3. Are the children of unmarried parents eligible for government benefits?
Yes. All children are entitled to receive government benefits attributed to the child’s biological or adoptive parents. This includes any Social Security, welfare, survivorship, government pension benefits, etc. However, it is extremely important to make sure that any issues regarding the child’s birth certificate and/or paternity are cleared up as soon as the child is born, or shortly thereafter.
4. When a child is born to an unmarried couple, whose last name does the child take?
In most states, there is no restriction on how you can name your baby. There is no requirement for the baby to receive either parent’s last name. This is true for the child’s first and middle names as well. You can name your baby whatever you want and change it later by amending the child’s birth certificate.
5. Which unmarried parent gets to claim their children on their individual tax return?
Unmarried parents are equally entitled to claim the children on their individual tax returns. However, only one parent can do so in any given calendar year.
It’s up to the parents to decide who will get the tax exemption for each year.
Generally, the parent in the highest tax bracket should take the exemption as he or she will enjoy the biggest tax break.
6. Are unmarried couples allowed to adopt?
Yes. While some states prohibit adoption by unmarried individuals petitioning together, the majority of states permit unmarried couples to adopt.
On the other hand, the courts, birth parents, and adoption agencies usually prefer heterosexual married couples.
Unmarried couples must sometimes wait a long time to adopt, and must often be more flexible with regards to the type of child they wish to adopt.
It is often easier for unmarried couples to adopt a child for which it is difficult to find a home, such as an older child or a child with special needs.
7. If a biological parent partners with a non-parent, can the non-parent adopt the child?
Yes. If the couple is not married, this is will be referred to as a second parent or co-parent adoption. Almost half of the states have laws permitting second-parent adoptions.
In states that do not have specific laws permitting second-parent adoptions, courts may still allow them. However, there are a few states––Ohio, Kentucky, Nebraska, and Ohio––that disapprove of second parent adoptions.
If the couple is married, this will be referred to as a stepparent adoption. This typically occurs when the non-parent spouse of a biological parent adopts that parent’s child, either because the other biological parent has died, is estranged from the family, or has remarried.
While it is uncommon for stepparents to formally adopt stepchildren, those who do are afforded the same parental rights and responsibilities as is a biological parent, i.e. the right to child custody and the obligation to pay child support after a divorce.
Stepparent adoptions are generally easier to complete than second-parent adoptions and require less vetting and less money.

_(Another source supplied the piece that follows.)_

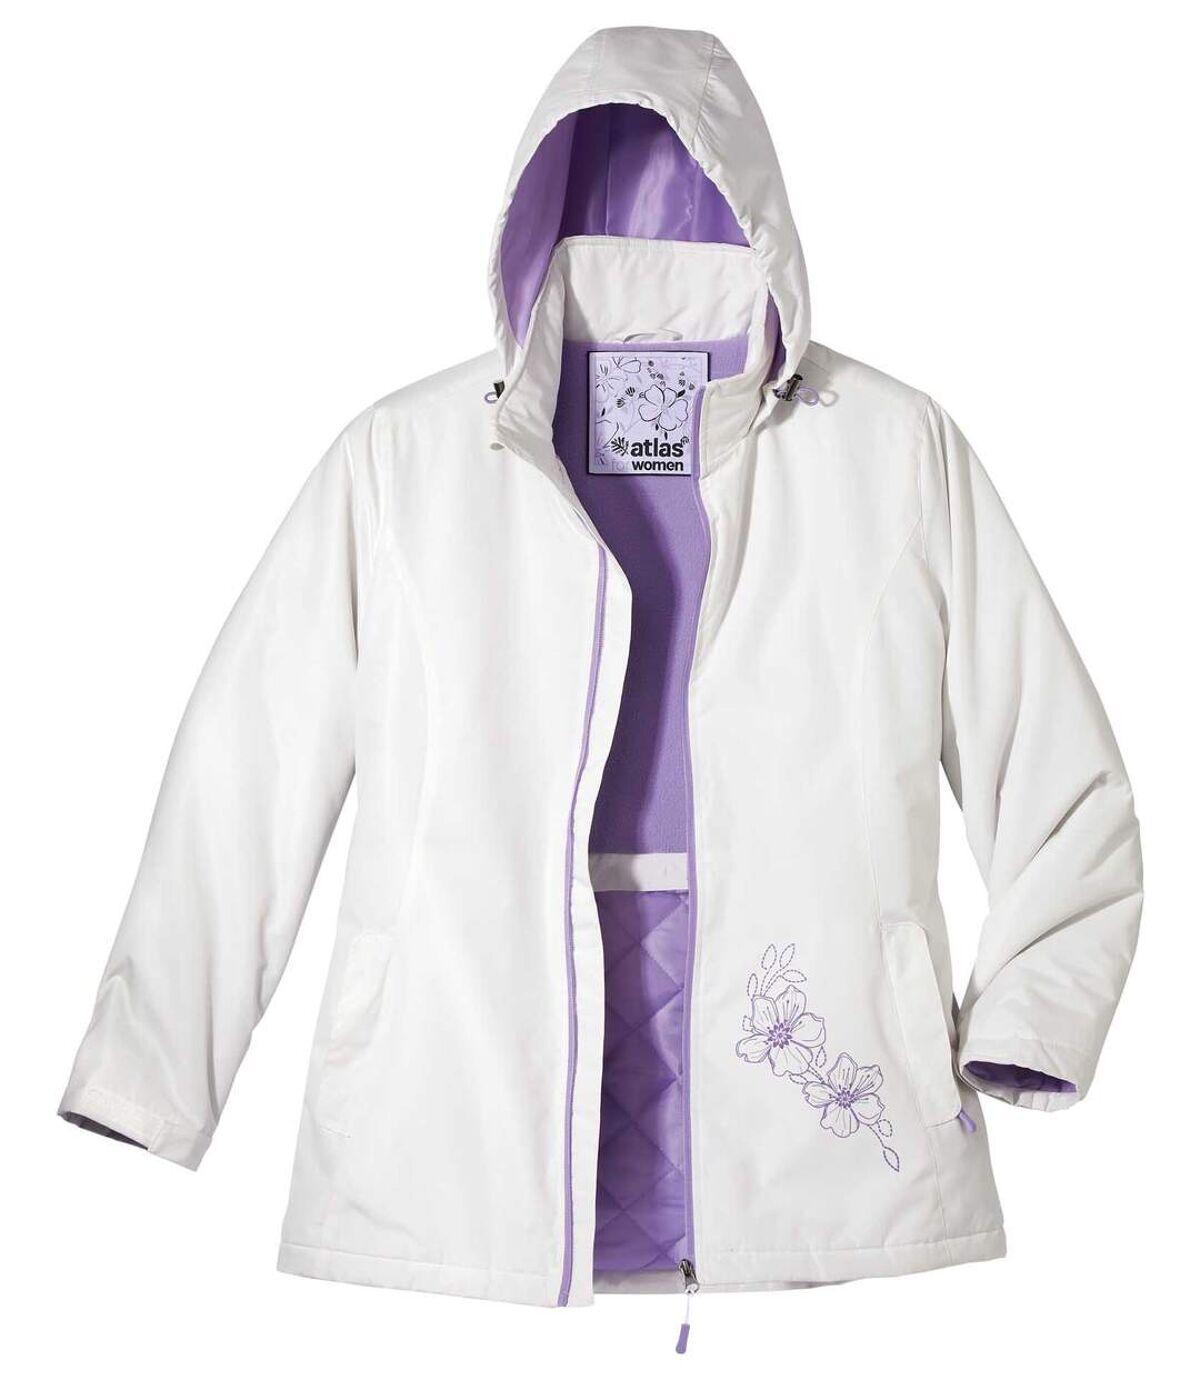 Fantazyjna kurtka z tkaniny Microtech  Atlas For Men

But, if the child has two living biological parents, consent from both will be needed for a stepparent adoption to be permitted.

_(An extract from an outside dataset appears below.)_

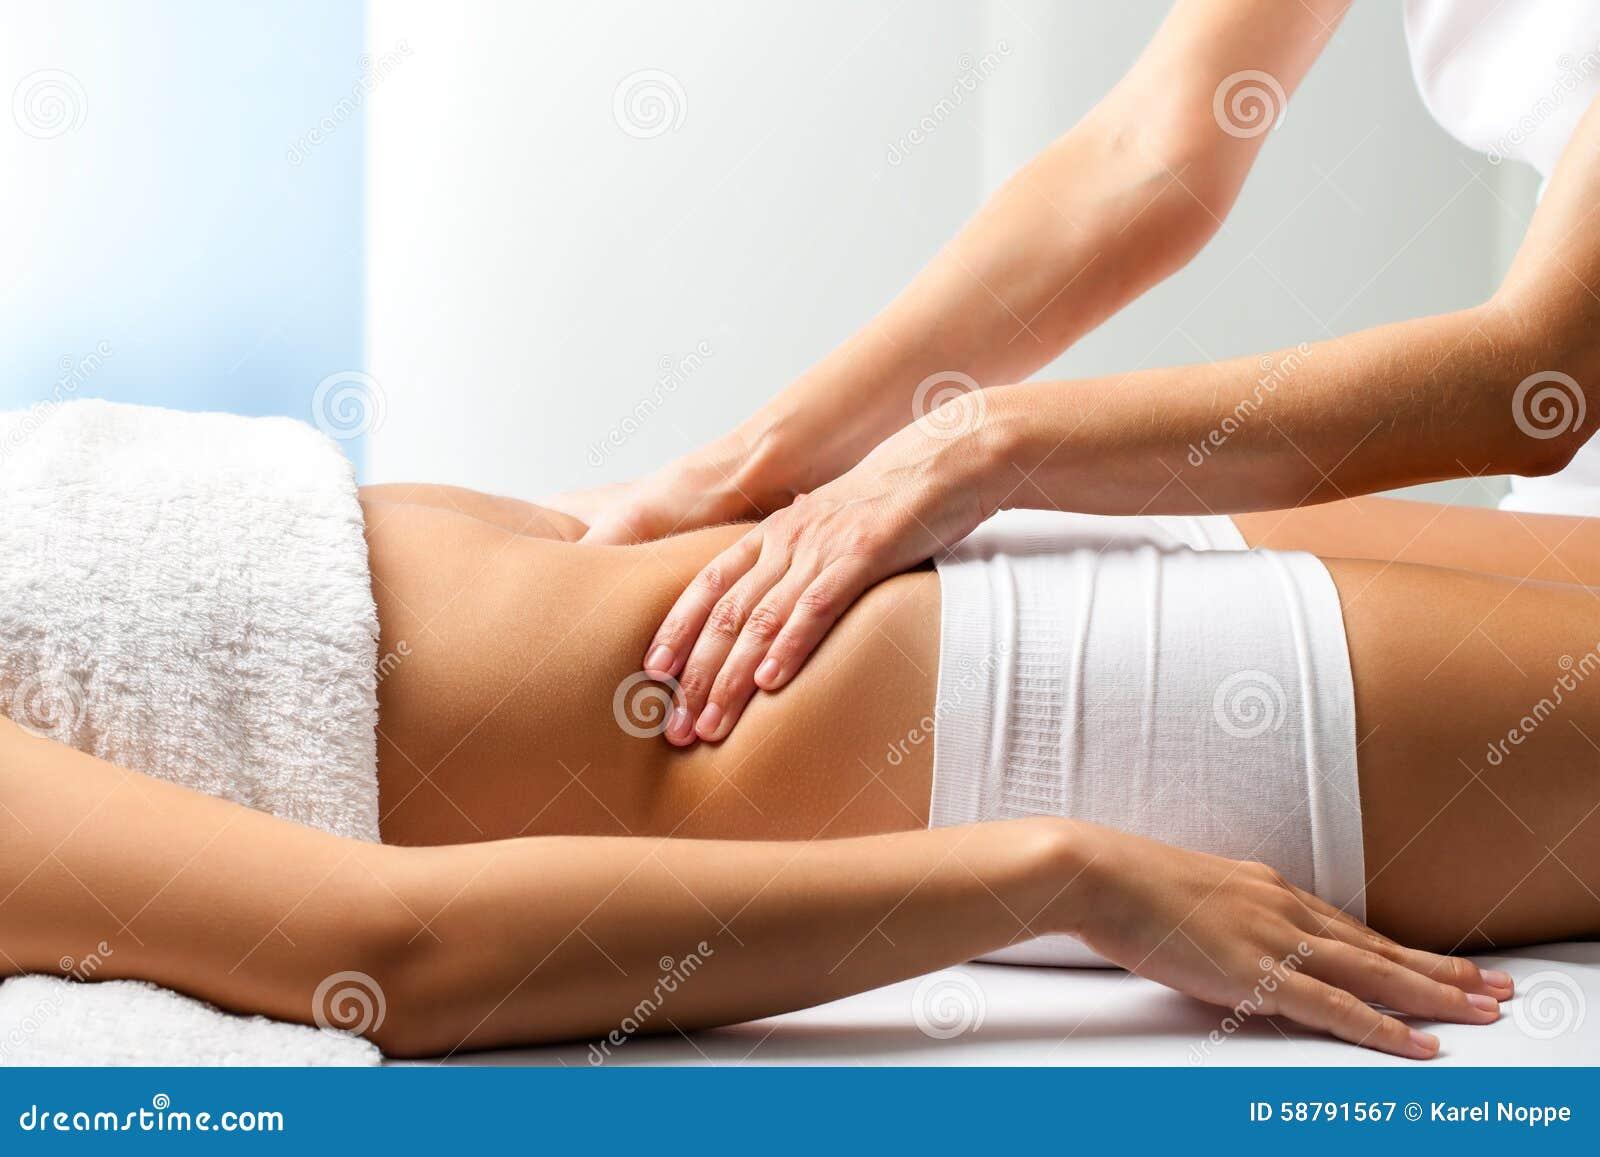 skin therapist

In the absence, of consent from both living biological parents, a stepparent adoption will only be permitted if the other biological parent’s parental rights have been terminated for some particular reason.

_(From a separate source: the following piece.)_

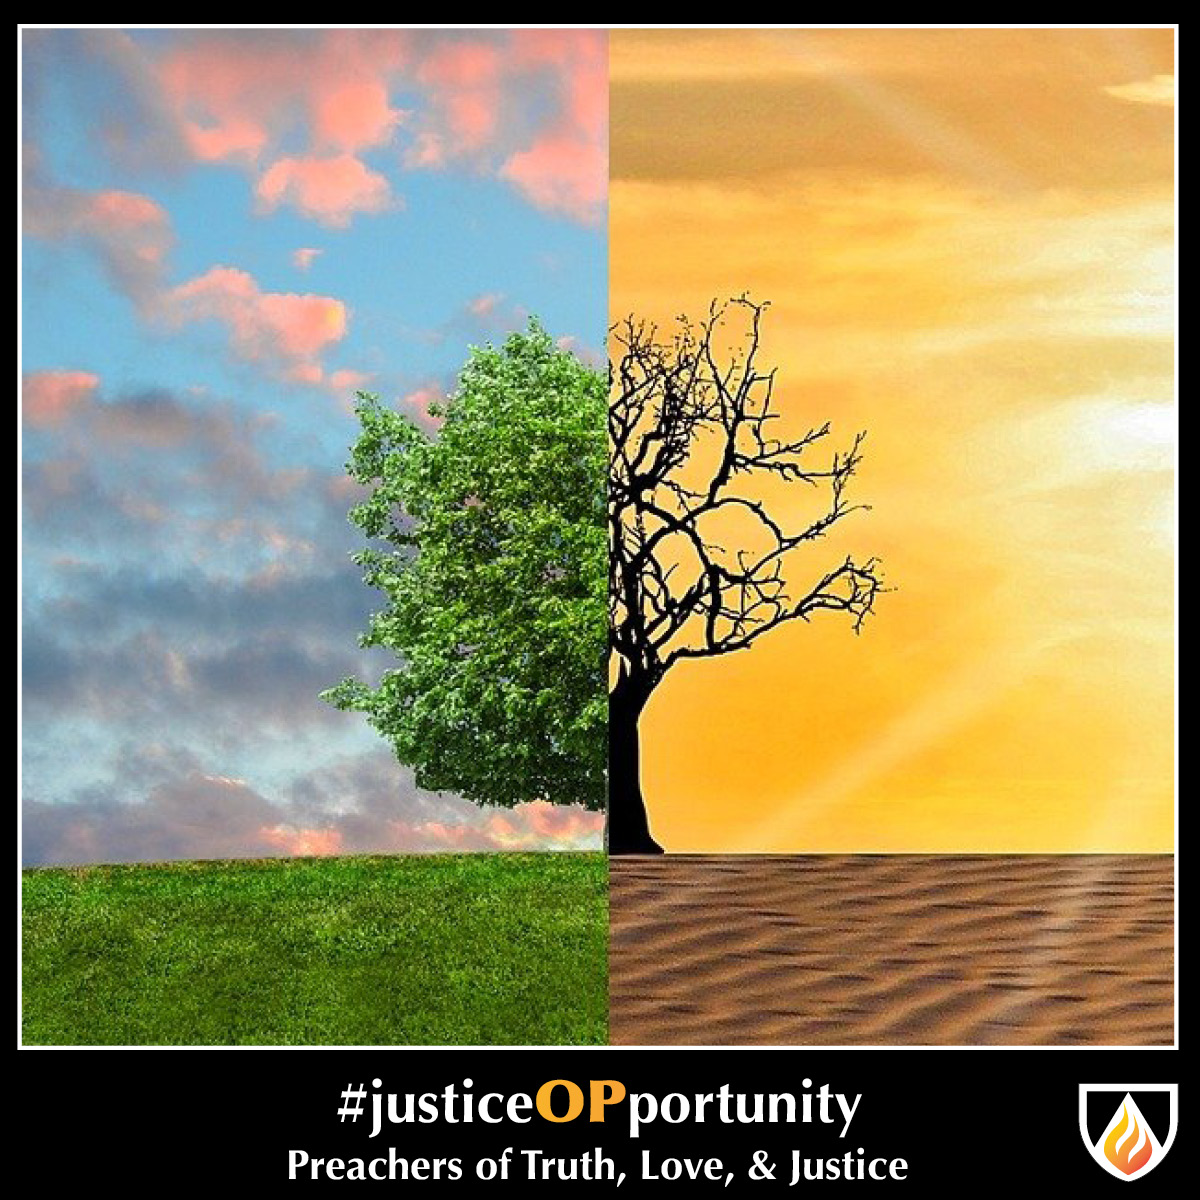 #justiceOPportunity Thursday—September 9, 2021

8. What steps must be taken to ensure that both unmarried parents are considered the legal parents of a child they have together?
Unmarried parents can ensure that they are both considered the legal parents of a child by making sure that both the mother and father’s names are listed on the child’s birth certificate.
If you need to add a name to your child’s birth certificate, contact the Bureau of Vital Statistic in the state where you live.
An unmarried father may be required to sign an affidavit of paternity acknowledging that he is the legal parent of the child. But, it is often advantageous for both mother and father to execute a notarized statement acknowledging the unmarried father’s paternity.
In some states, you may also file this document with your state’s Bureau of Vital Statistics, where it will then act as an official judgment of paternity.